Annette's hand felt very soft and comforting in hers. The troubled authoress turned instinctively towards possible consolation nearer at hand.
"I will own," she said tentatively, "that when I see you, my dear Annette, so different from what you were when you left us two years ago, so helpful, and so patient with poor Harriet, who is trying beyond words, so considerate and so thoughtful for others, I will own that I have sometimes hoped that the change might have been partly, I don't say entirely, but partly brought about by Crooks and Coronets, which I sent to you at Teneriffe, and into which I had poured all that was best in me. When you rejoined us here it seemed as if you had laid its precepts to heart." Aunt Maria looked at her niece almost imploringly.
Annette was not of those who adhere to a rigid truthfulness on all occasions.

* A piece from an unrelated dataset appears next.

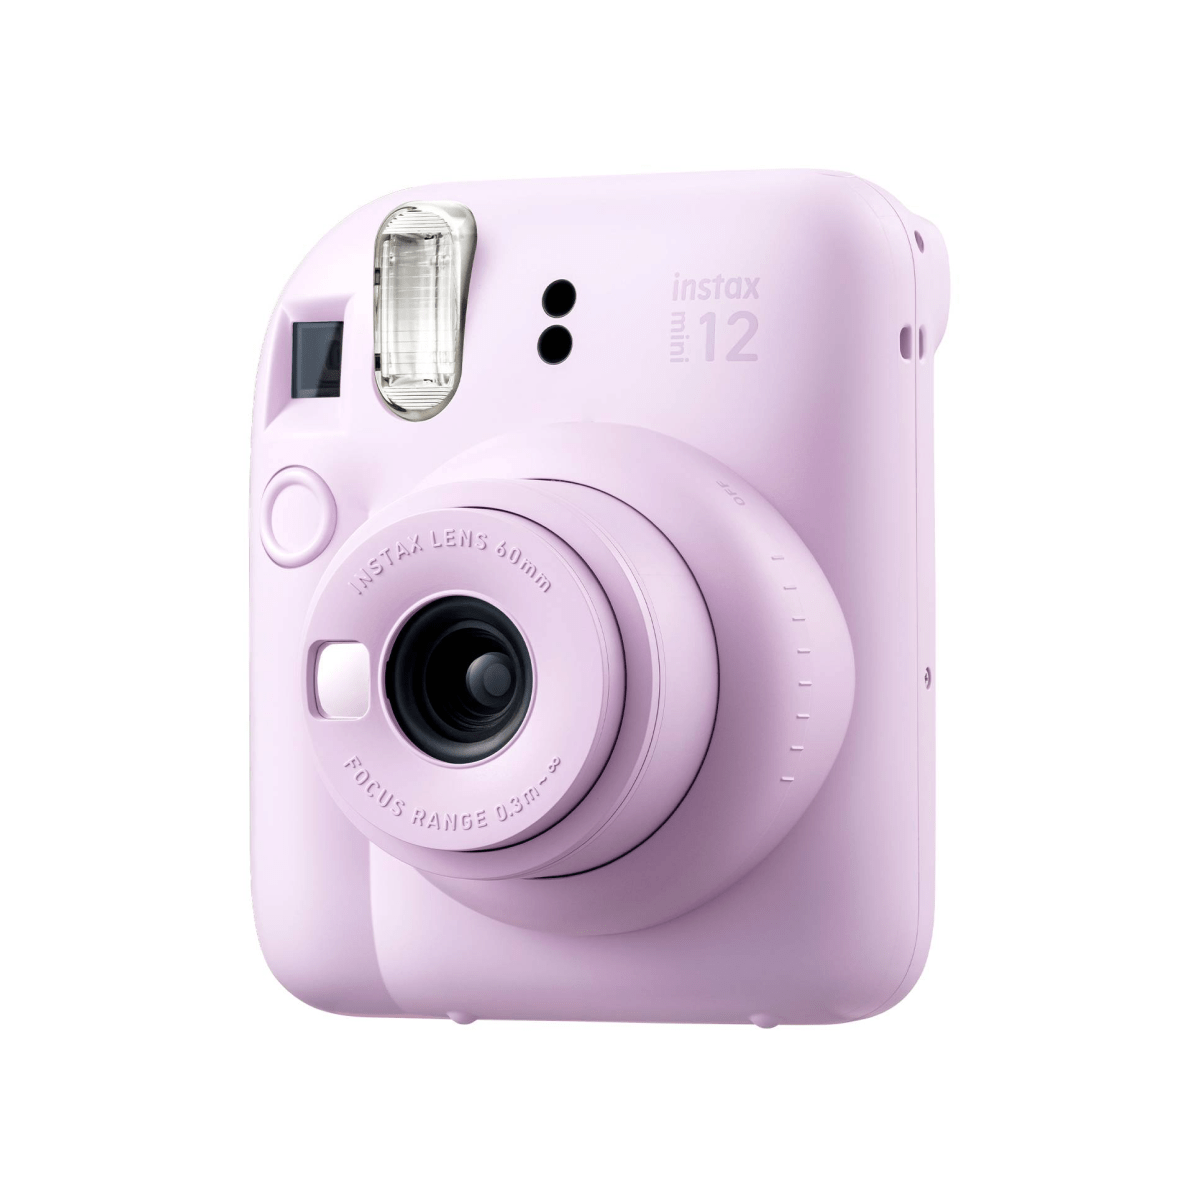 Kit camara fujifilm mini instax 12 color rosa pastel + papel 10 fotos + 3  portara

She stroked her aunt's hand.
"It was borne in on me at Teneriffe, after I was ill there, how selfish I had been," she said, and her voice trembled. "I ought never to have left you all. If only I had not left you all! Then I should not be—I shouldn't have—but I was selfish to the core. And my eyes were only opened too late."
"No, my dear, not too late. Just in the nick of time, at the very moment we needed you most, after dear Cathie's death. You don't know what a comfort you have been to us."
"Too late for Aunt Cathie," said Annette hoarsely. "Poor, kind, tired Aunt Cathie, who came to me in my room the last night and asked me not to leave her, told me she needed my help. But my mind was absolutely set on going. I cried, and told her that later on I would come back and take care of her, but that I must go. Self in her rainbow veil beckoned and—and I followed. If Aunt Cathie was the stepping-stone which groaned beneath my feet, what of that? What did I care? I passed over it, I trampled on it without a thought."